The promoter glares at him, but Rudd’s already moving off, down to introduce himself to Landry.
“Hey, beautiful. Let me carry that for you.” He rips the bag off her shoulder and practically knocks Davis down in an effort to grab Landry’s other bag.
“This going to be a problem?” Ian murmurs in my ear. I reach over to grab the little one, propping Jack against my shoulder.
“Depends on her response. If she shuts him down, then no. If they end up sleeping together, then yeah. It’ll be a big fucking problem.”
Chapter Seven
Landry
May gave me three rules for this trip.
Do not sleep with any guy who plays an instrument.
Suck up to the bandmates.
Be open to new experiences.
I told her that these rules sort of contradict each other, but she waved the snake head at me until I capitulated. She was right, though. Screwing around with a guy I’ll have to see every day for the next two months is a disaster waiting to happen. I’d catch feelings when all he wanted was sex.
Case in point, my brother. I love him and he’s a genuinely decent guy, but he could sleep with a dozen girls in the span of a week and not care one iota about them. Whereas I sleep with one guy and think we’re going to get married.
That’s what happened when I was in college. I did have one hookup after college, but then Marrow happened so who knows. Maybe I am capable of emotional-free sex, but I’m not counting on it. It’s probably best that I keep my attraction to Adam under wraps so I don’t spend the next two months miserable as he samples the female population from here to California.

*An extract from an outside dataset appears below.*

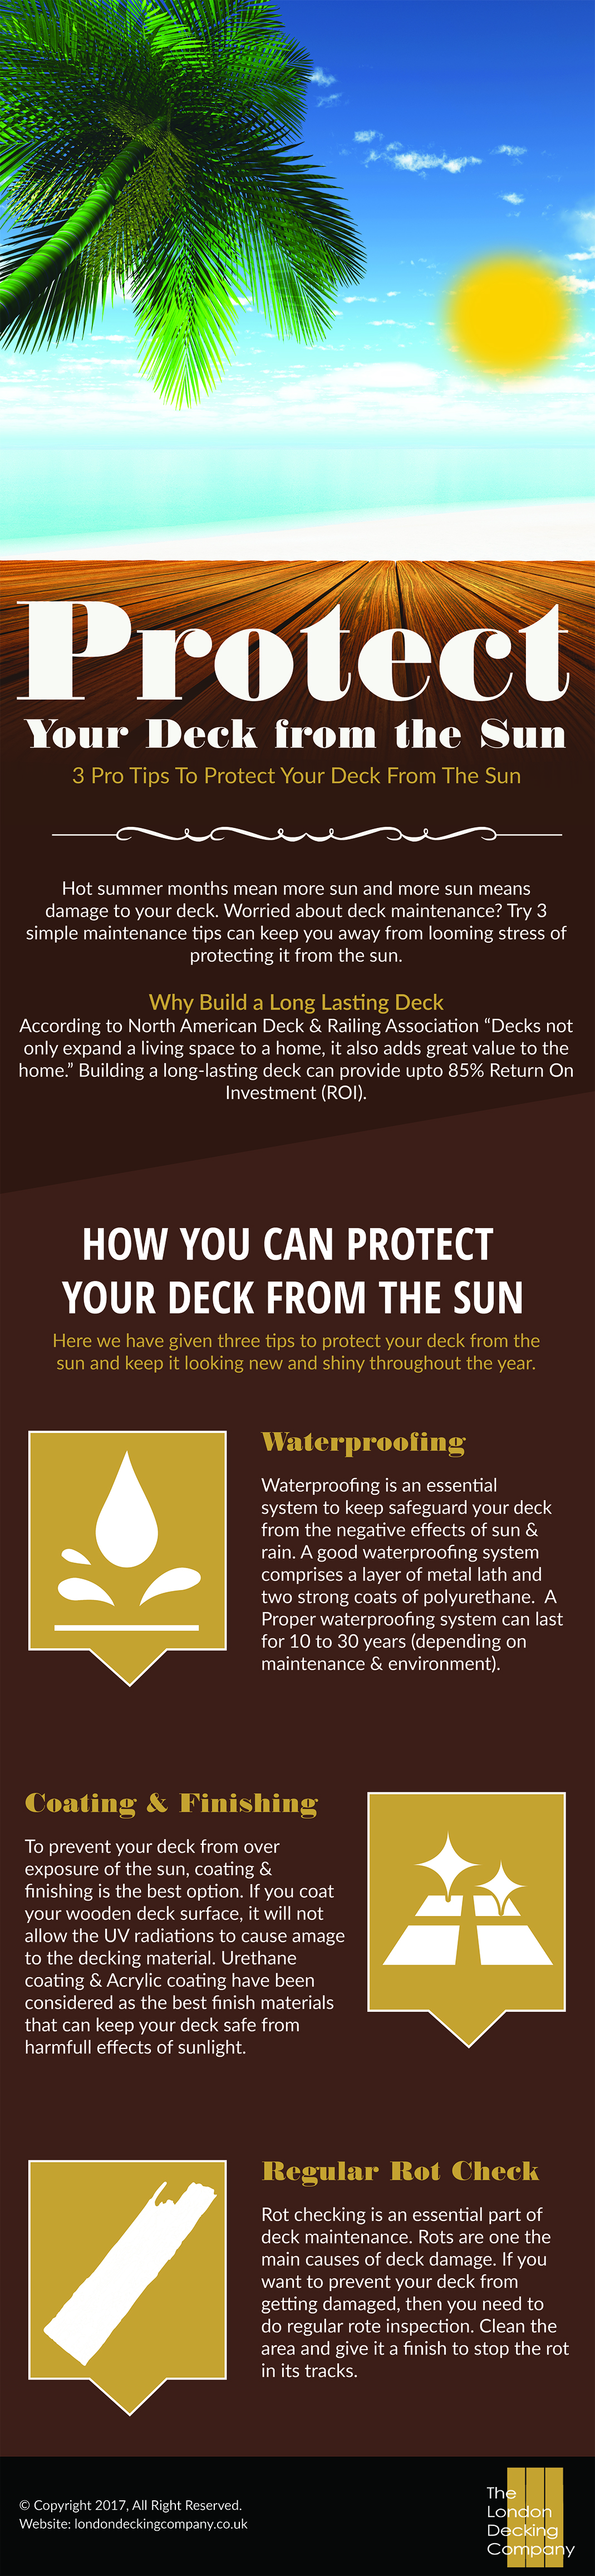 3 Pro Tips to Protect your Deck from the Sun

“The bus looks nice,” I chirp. Nice is an understatement. This thing looks like it could be on the front cover of some magazine, if there are magazines about buses. It’s all shiny lacquered wood and black leather. Tiny lights on the floor form a pathway down the center.
Davis unpacks a grocery bag of stuff I bought last night. At the bottom, he finds a pan of brownies, which he hands to Rudd. “Pot brownies, Landry? Really?”